Austria's answer to Beaujolais Nouveau

NEW YORK (Reuters Life!) - France has the Eiffel Tower and Burgundy and Beaujolais, while England has Big Ben and its beers and ales, and just as the waltz is wedded to Vienna, Gruner Veltliner is synonymous with Austria.

And in the country known for its music, pastries and old European charm, Lenz Moser is Mr. Gruner Veltliner. He produces five white wines with a telltale hint of white pepper from that single grape variety.

“I wanted to focus on one thing and do it very well,” he told Reuters.

“We’ve been living in this area for 400 years,” he referring to the wine growing regions of Lower Austria.

His grandfather, also named Lenz Moser, is credited with creating the modern trellis system still used to grow Gruner Veltliner.

“I was raised next to the vine nursery and my grandfather brought me into the vineyards when I was five,” he said.

Back in the 1980s, when a scandal erupted after some vintners were found to have added a chemical found in antifreeze to make their wines sweeter, his family sold their vineyards, the winery with is 1,000 year-old cellar and their name.

Too young to retire and having been life-long friends with the Mondavi family, Moser went to work for them and eventually handled their European portfolio of wines. When Constellation Brands bought Robert Mondavi for about $1 billion in 2005, Moser decided it was time to return to his roots.

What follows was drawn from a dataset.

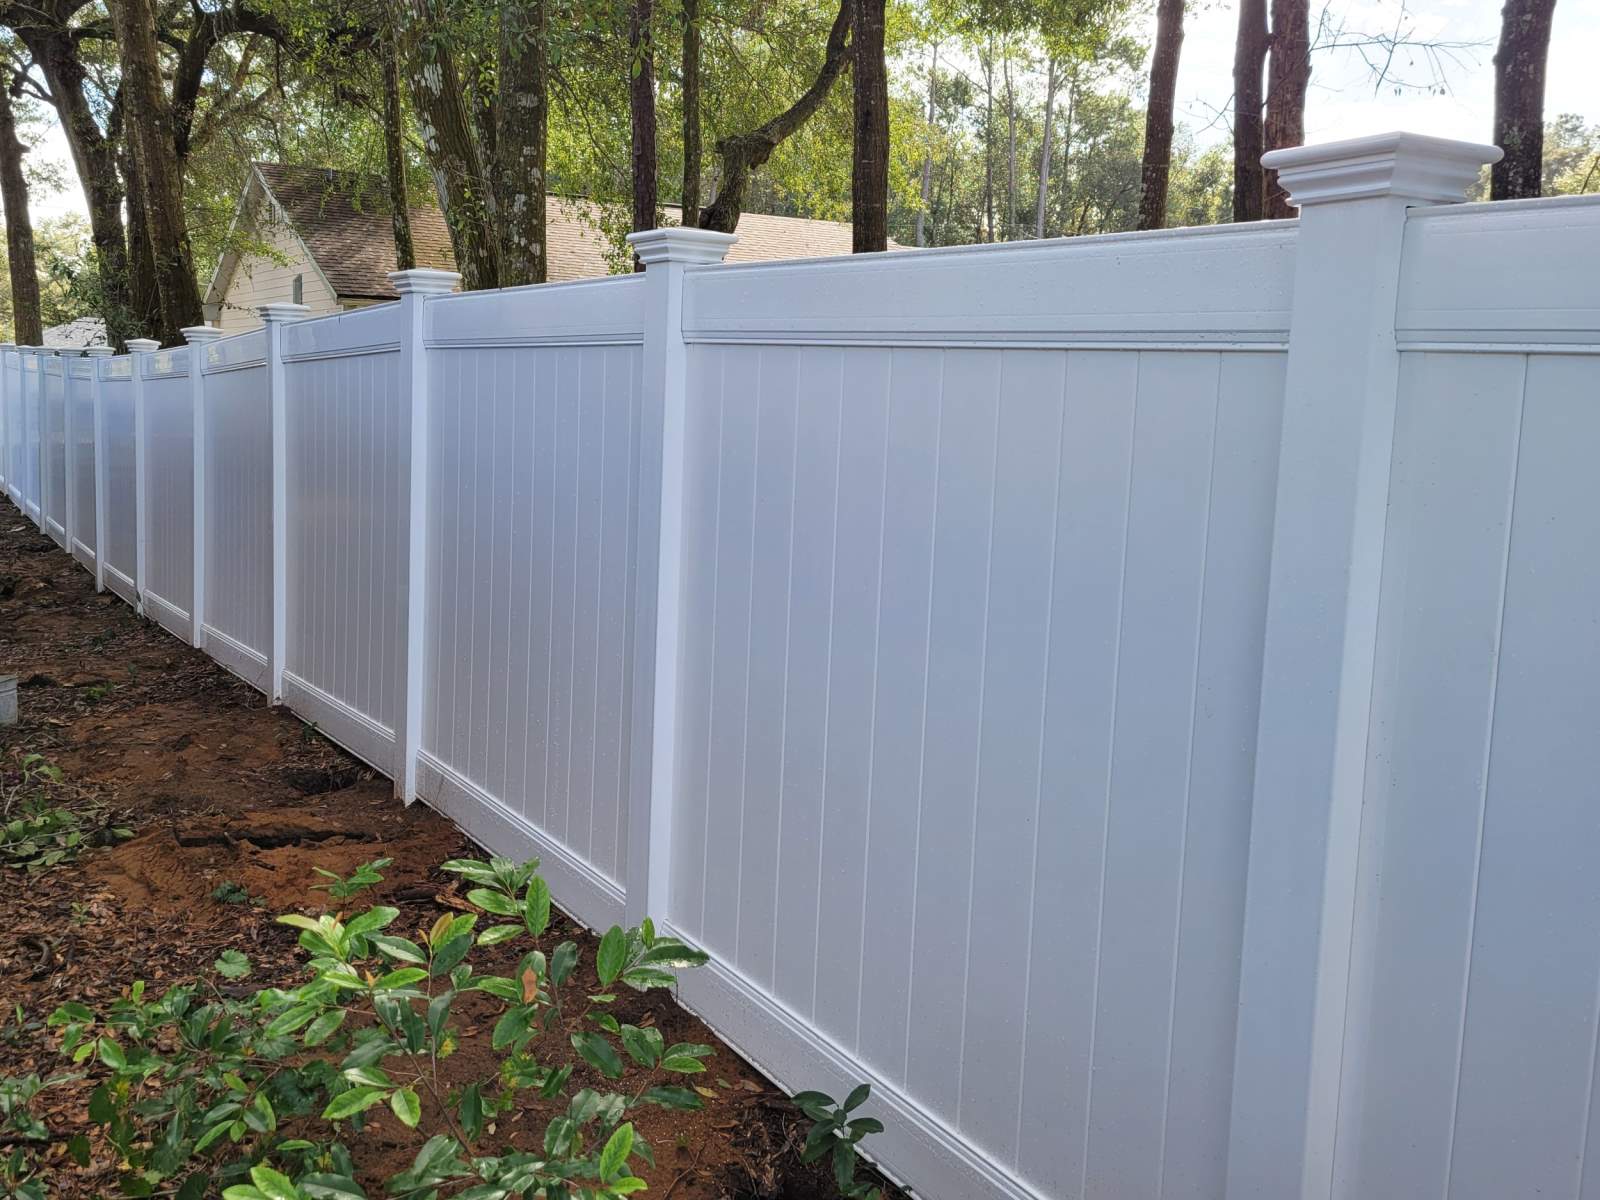 Vinyl fence solutions for the Ocala, Florida area

“The roots (of the vines) go very, very deep ... the acidity comes from the granite slate and the sand gives it elegance,” he said of his signature Laurenz V, which is also the name of his own winery.

He describes Gruner Veltliner as “having the perfume of German Riesling, the acidity of a Loire Sauvignon Blanc and the lusciousness of a Pinot Grigio.”

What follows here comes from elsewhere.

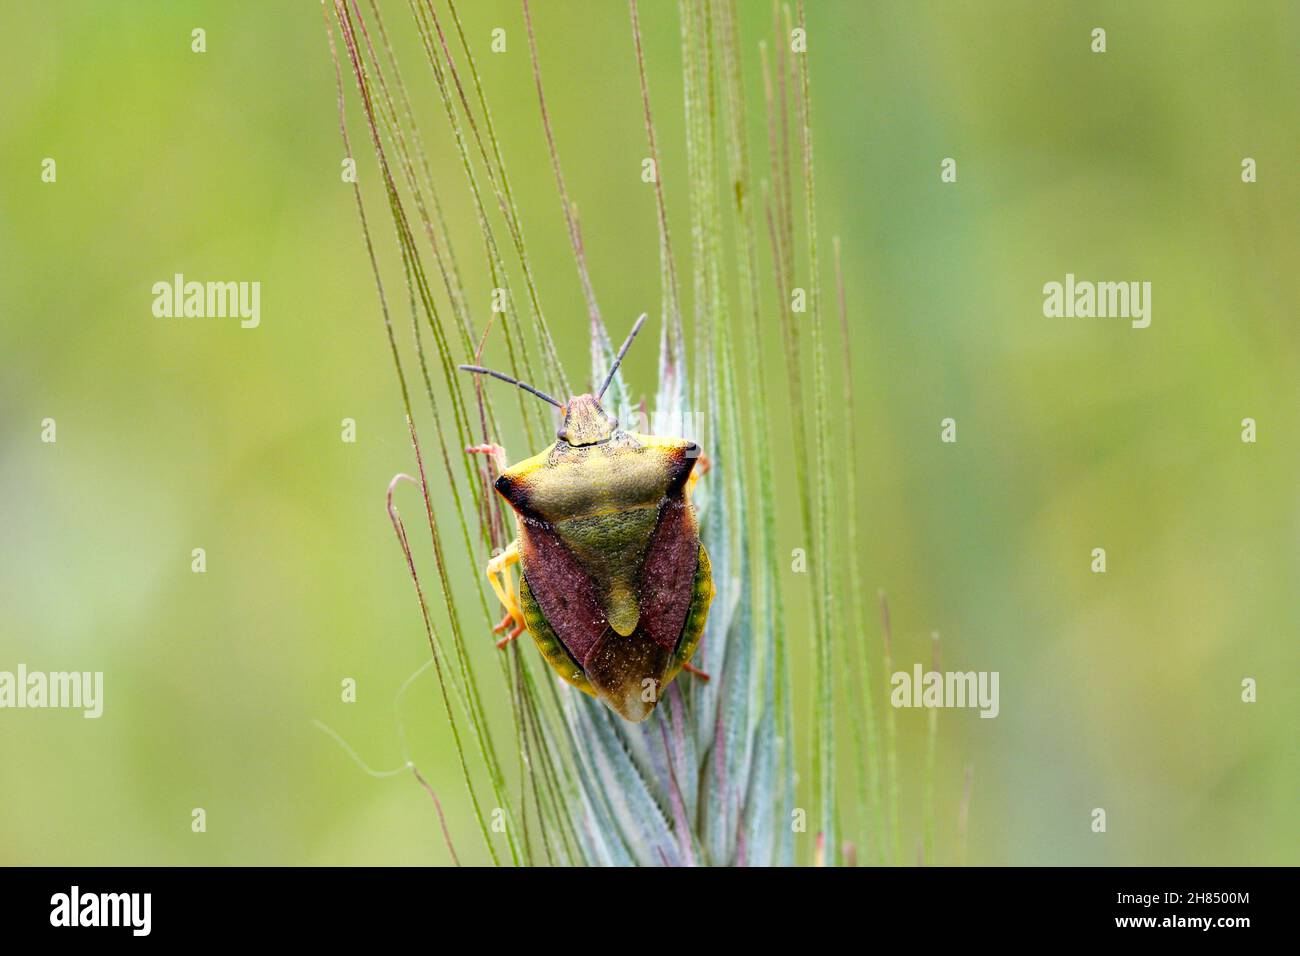 The shield bug Carpocoris fuscispinus macro. An insect resting on a stalk of cereal. Stock Photo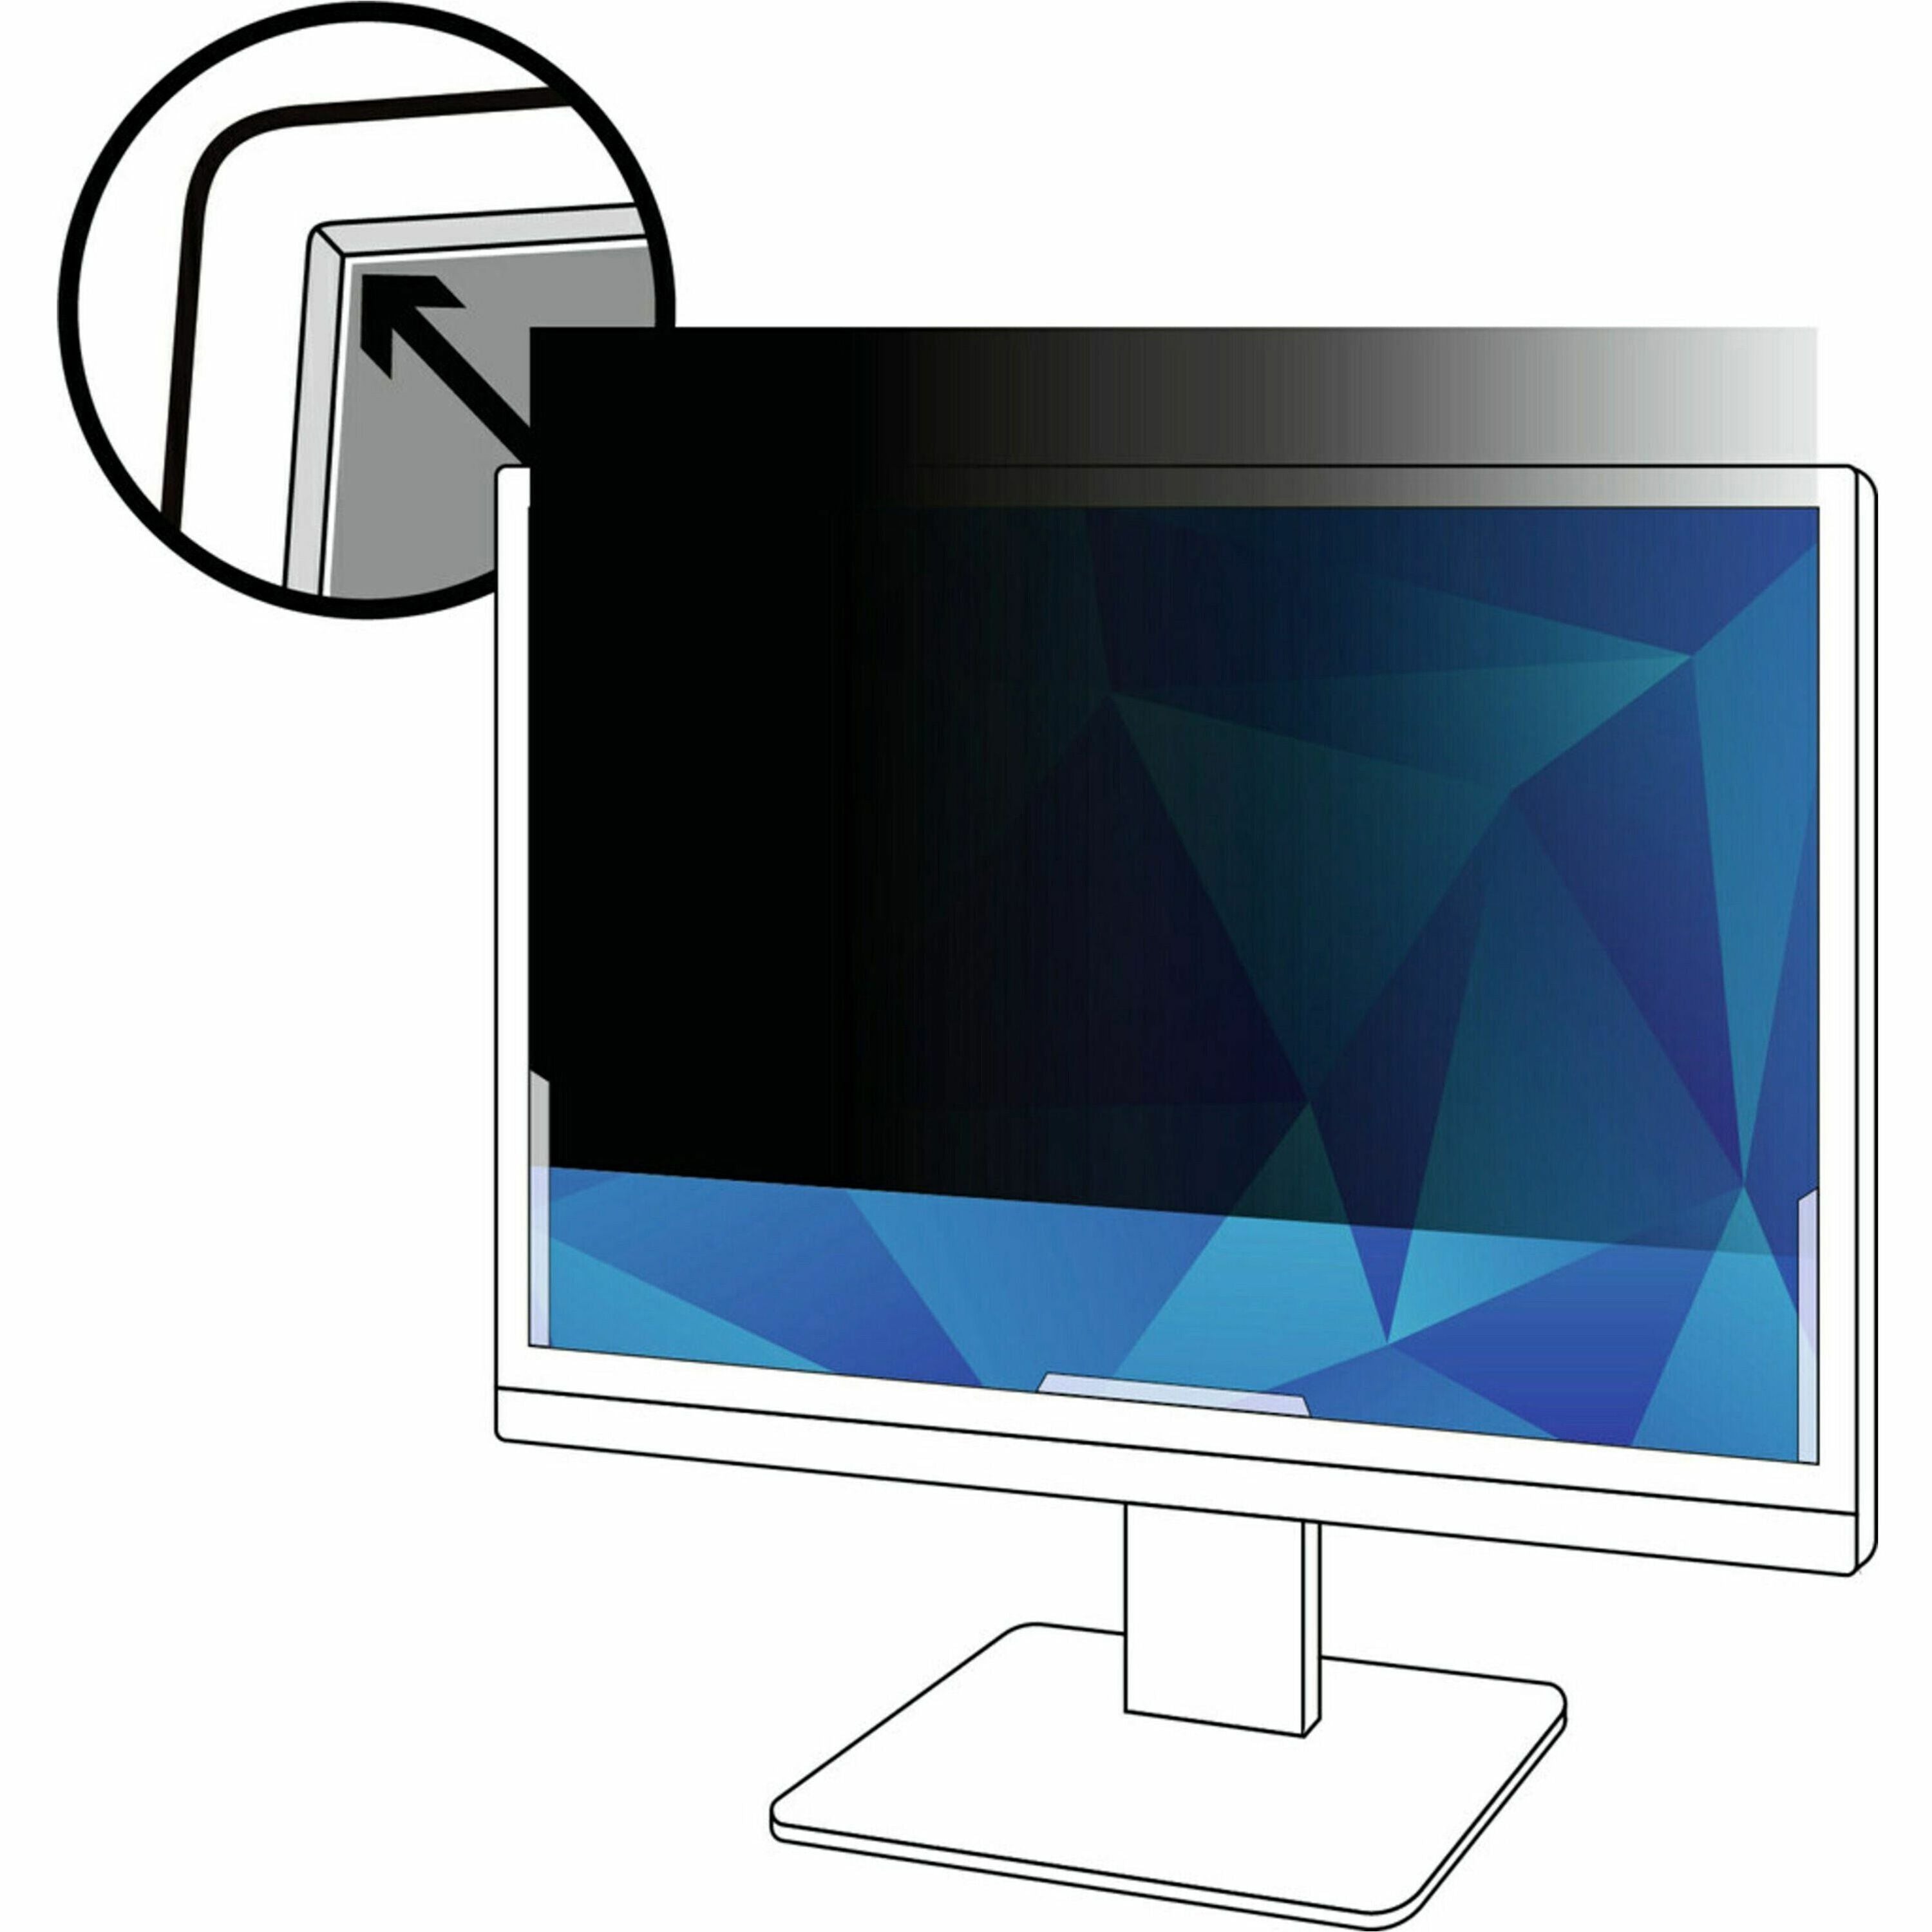 3m-privacy-filter-for-28in-monitor-169-pf280w9b-for-28-widescreen-lcd-monitor-169-scratch-resistant-fingerprint-resistant-dust-resistant-anti-glare_mmmpf280w9b - 1

Master of Wine Jennifer Simonetti-Bryan, who works for Remy Cointreau USA, said, “It’s got that reputation of being a very food-friendly wine.”

But Austrian wines, like German, present problems for Americans. The labels can be intimidating with long words in Gothic script and with German spelling.

“I wanted to take the mystery out of wine, but leave the magic,” said Moser.

He made his labels modern and written mostly in English. Another importer of Gruner Veltliner, Monika Caha, has gone even further. She simply calls her wine “Grooner” because, as she says, “that’s how Americans pronounce it, so why make it hard for them?”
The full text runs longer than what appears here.